Most of the initial programming was undertaken by research student Steve Russel. It took a few months but he had managed to get the PDP-1's cathode ray tube to display two small ships - one rocket shaped, the other was more of a wedge shape - whose 2D movements could be controlled in real time, in front of a background of scattered stars. Each player flicked their switches to rotate left or right, to accelerate and to fire at their opponent. (And now these kind of games are availible on tiny mobile phones!)

Once the game was up and running Russel's friend came up with their own ideas and ways to improve the game.
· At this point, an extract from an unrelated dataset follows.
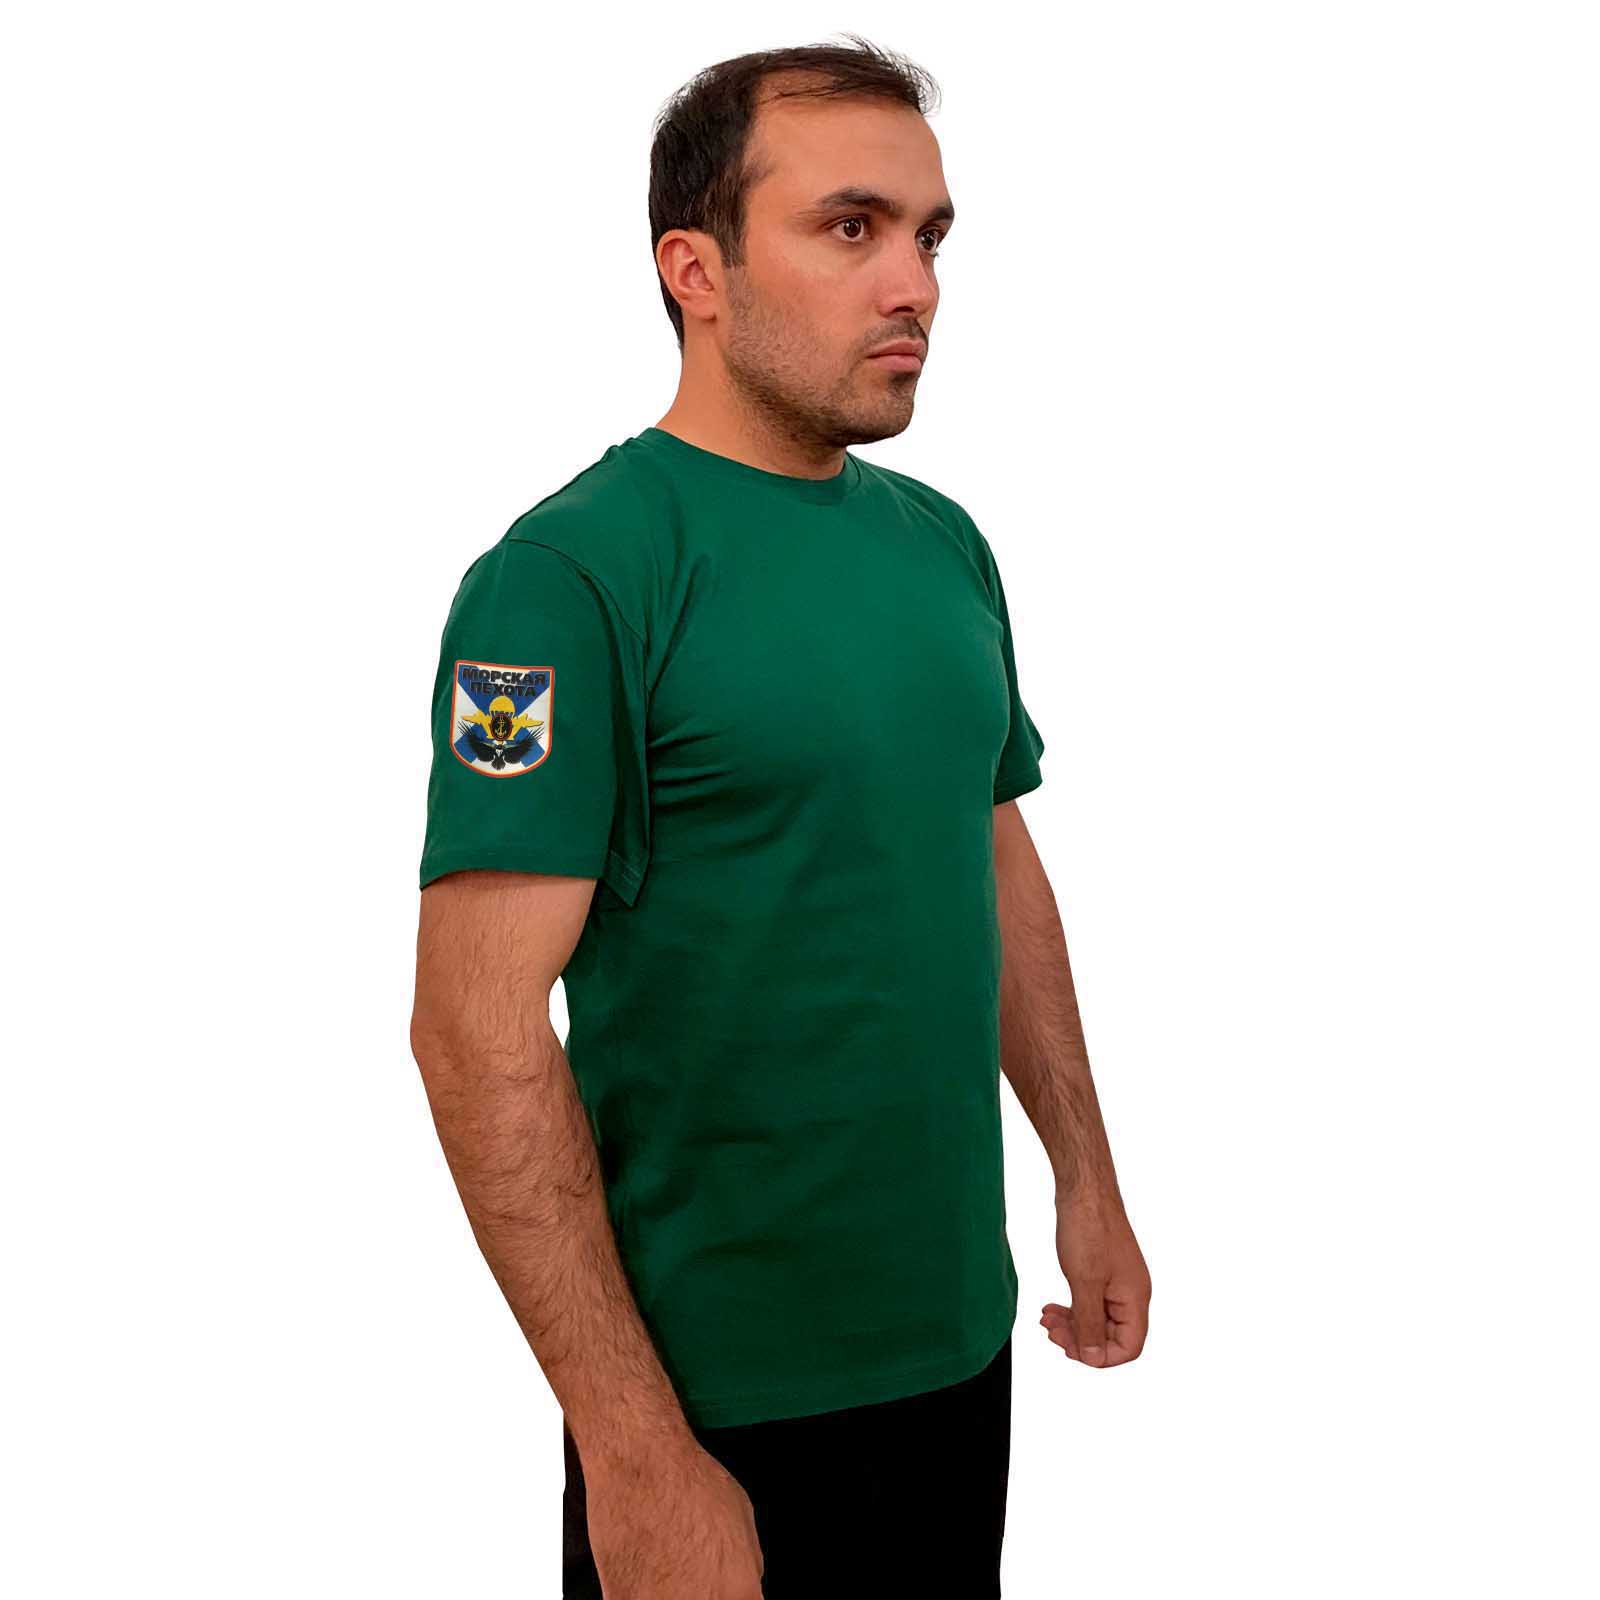 Зелёная футболка с термопринтом "Морская пехота" на рукаве

One called Peter samson had an idea which he called 'Expensive Planetarium' which was to replace the random stars with an accurate image of the night sky as seen from Cambridge, Massachusetts. Dan Edwards added a large star to the centre of the screen whos grvitational field would sucked players to their deaths.
A guy called Martin Graetz added the 'hyperspace' panic button whcih features in later games such as Asteroids and Defender.
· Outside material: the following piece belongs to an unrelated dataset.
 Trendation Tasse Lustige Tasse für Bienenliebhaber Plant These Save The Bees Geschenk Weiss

Soon it became apparent that the controls on the main computer console weren.t all that good. Switches got broken easily and it was also easy to hit the wrong button. Alan Kotok and Robert Saunders, model-railway hobbyists put together a couple of wooden switch-control boxes, prototype joypads.
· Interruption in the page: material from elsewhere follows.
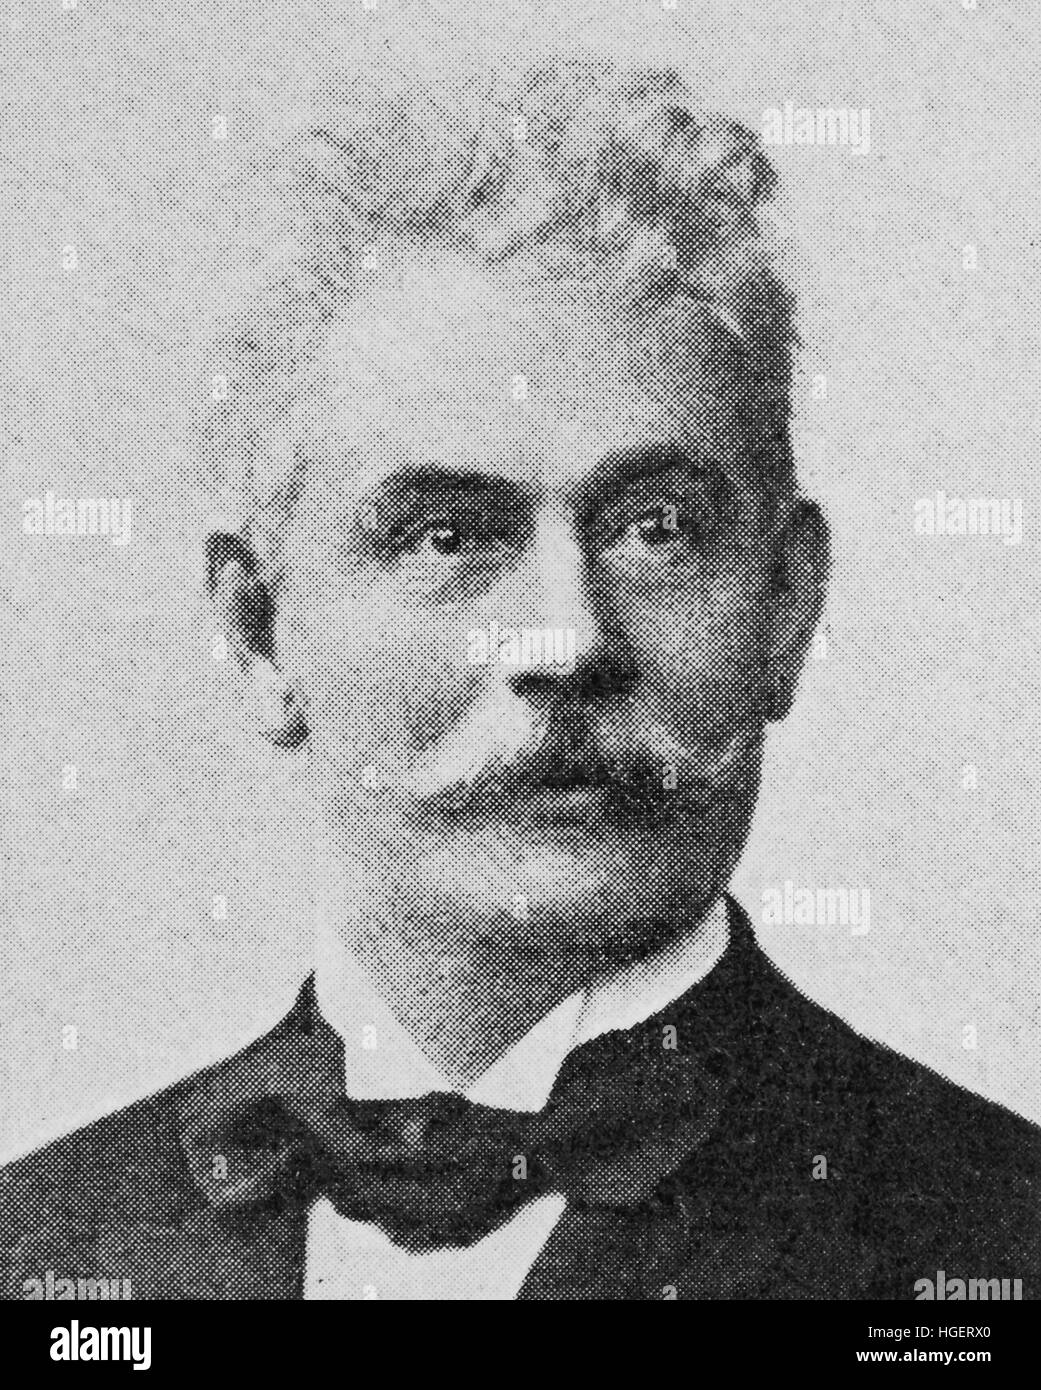 Hermann Credner, 1. Oktober 1841 - 21. Juli 1913, war ein deutscher Wissenschaftler, Reproduktion von einem Foto aus dem Jahr 1895, digital verbessert Stockfoto

Later on, one of the things to change was the torpedo unreliability, with the reason that real world weapons often function unpredictibly. Russel had programmed the torpedoes to behave slightly erraticly, to add more realism to the game. His friends would have none of this though. Everytime they pressed the fire button they wanted their torpedo to travel at a steady speed in an unerringly straight line. The lesson: that 'realism' should never get in the way of fun.

All this was to become the genetic template of thousends of games to come.